Dallas’ Margot and Bill Winspear Opera House opens with 'Otello’

Voices in 'Otello' leap off the stage as opener for Winspear Opera House in Dallas.

Special to dfw.com


Otello proves that the sound quality at the Margot and Bill Winspear Opera House is even better than expected. The show runs through Nov. 8 in Dallas. 
 SPECIAL TO THE STAR-TELEGRAM/KYE R. LEE

SPECIAL TO THE STAR-TELEGRAM/KYE R. LEE

Otello proves that the sound quality at the Margot and Bill Winspear Opera House is even better than expected. The show runs through Nov. 8 in Dallas. SPECIAL TO THE STAR-TELEGRAM/KYE R. LEE

For 20 years, Dallas has had one of the world’s greatest orchestra halls in the Meyerson Symphony Center. On Oct. 23, it was joined by one of the world’s greatest opera houses.

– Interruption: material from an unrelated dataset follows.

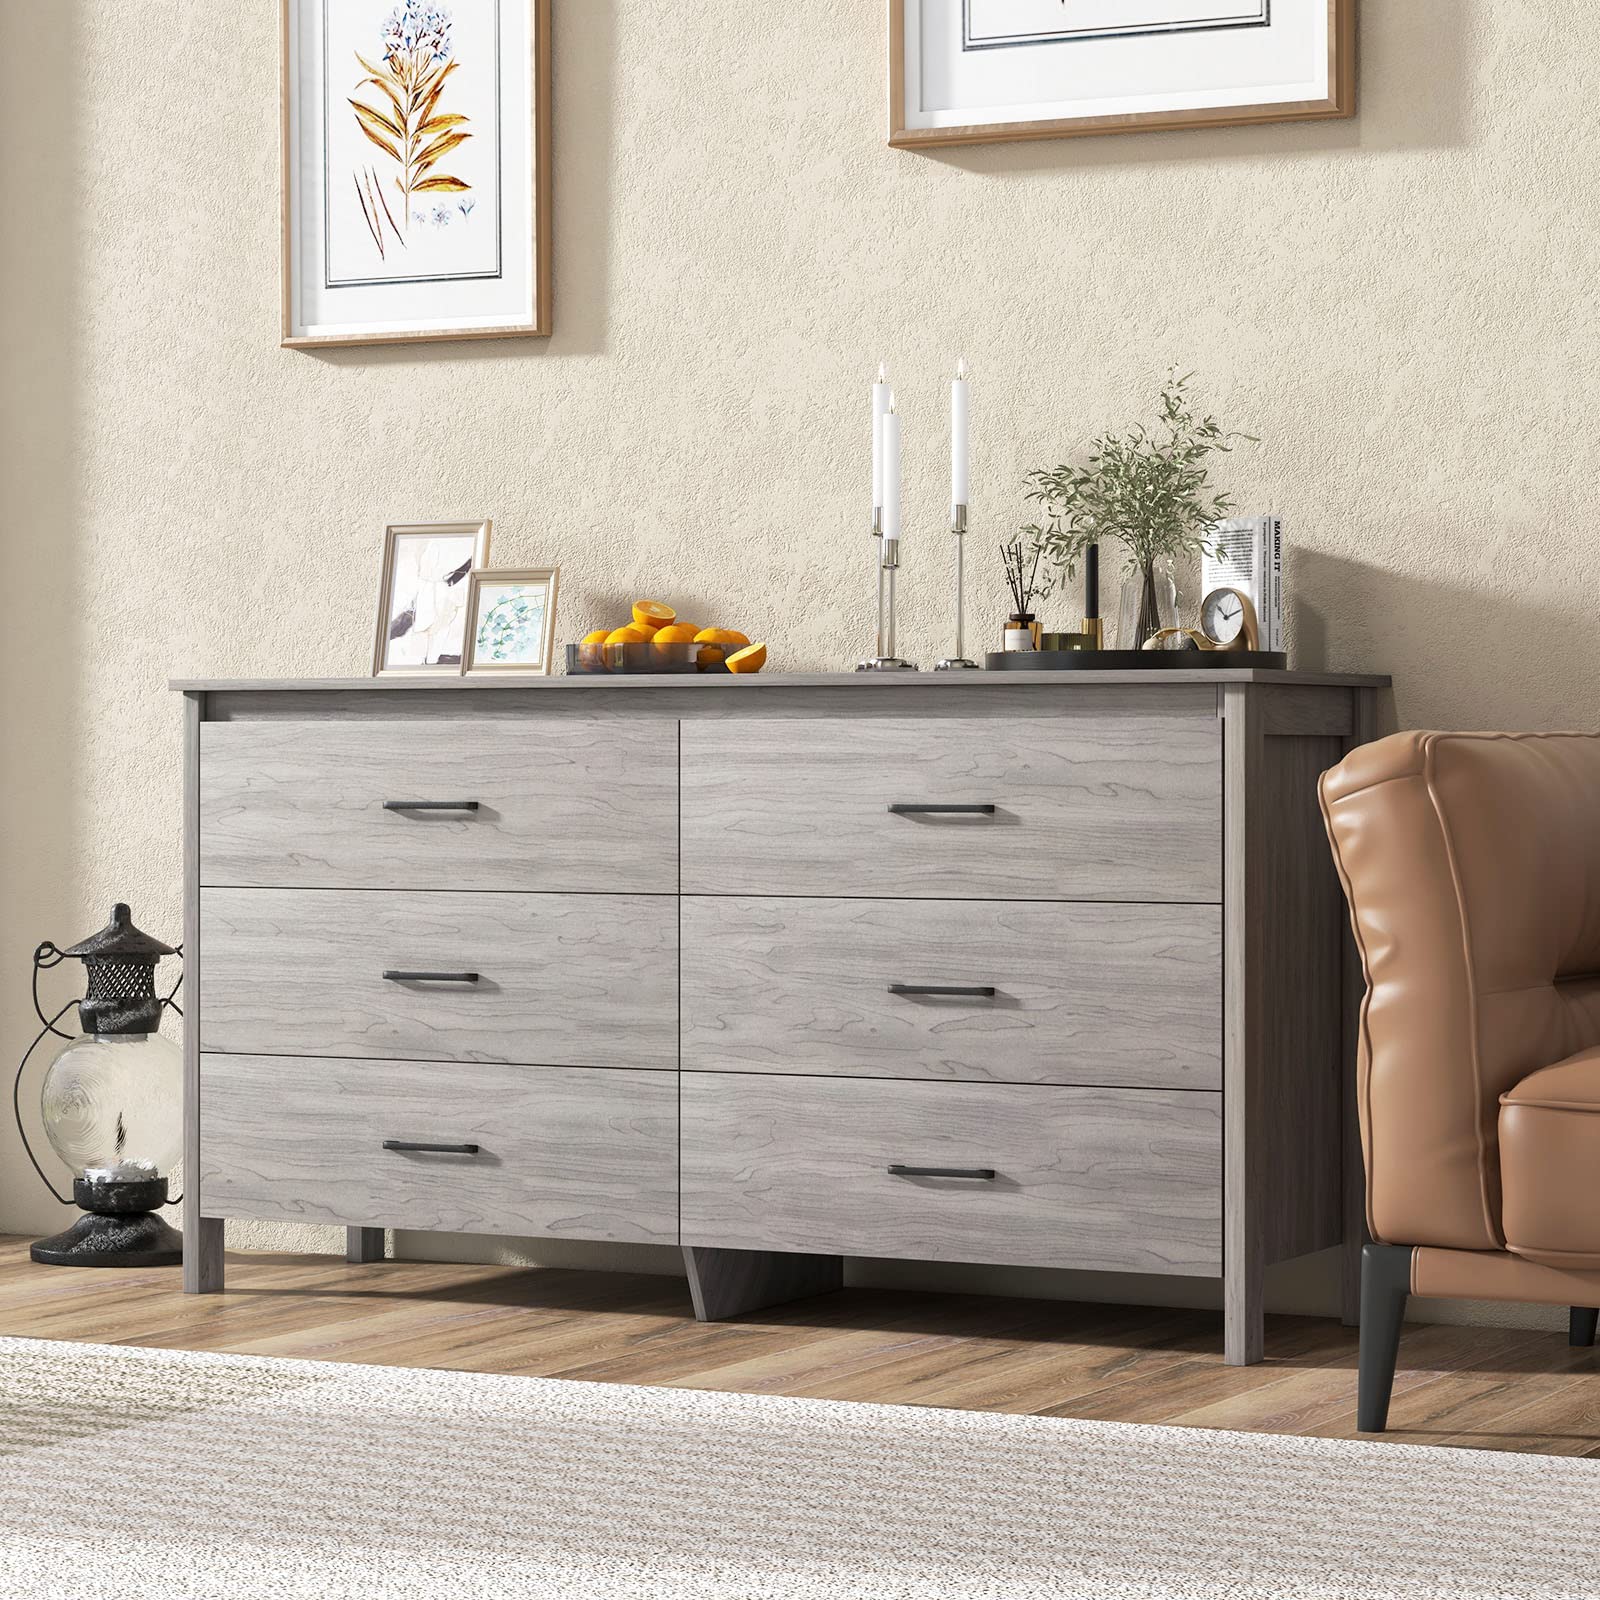 Giantex 6-Drawer Dresser for Living Room - Double Wide Chest of Drawers with Center Support & Anti-tip Kit, Grey

Designed by London’s Foster + Partners, the new Margot and Bill Winspear Opera House is wonderfully welcoming outside and coolly elegant inside. And thanks to acoustician Robert Essert, the sound for the Dallas Opera’s first full production in the house, Verdi’s Otello, answered every dream and then some.

Voices, from pianissimo solo to triple-forte chorus, leapt off the stage and filled the 2,200-seat horseshoe-shaped auditorium. From the quietest pluck of harp to thrilling blasts of brass, the orchestral sound was as much a physical presence as the singers onstage.

In an opera whose music ranges from tender to anxious to terrifying, music director Graeme Jenkins let the Dallas Opera Orchestra momentarily swamp a solo singer’s last notes, but only when the orchestra really wanted to be let loose. The effect was hair-raising. Otherwise, Jenkins kept the orchestra flawlessly balanced with the singers.

Jenkins, if anyone, was the star of the show, suavely managing the music’s mercurial shifts of timbre and intensity and lovingly shaping phrases. Apart from a couple of fuzzy spots from the violins and double basses, the orchestra played superbly. The chorus, prepared by Alexander Rom, made some thrilling sounds, too, but they weren’t always together.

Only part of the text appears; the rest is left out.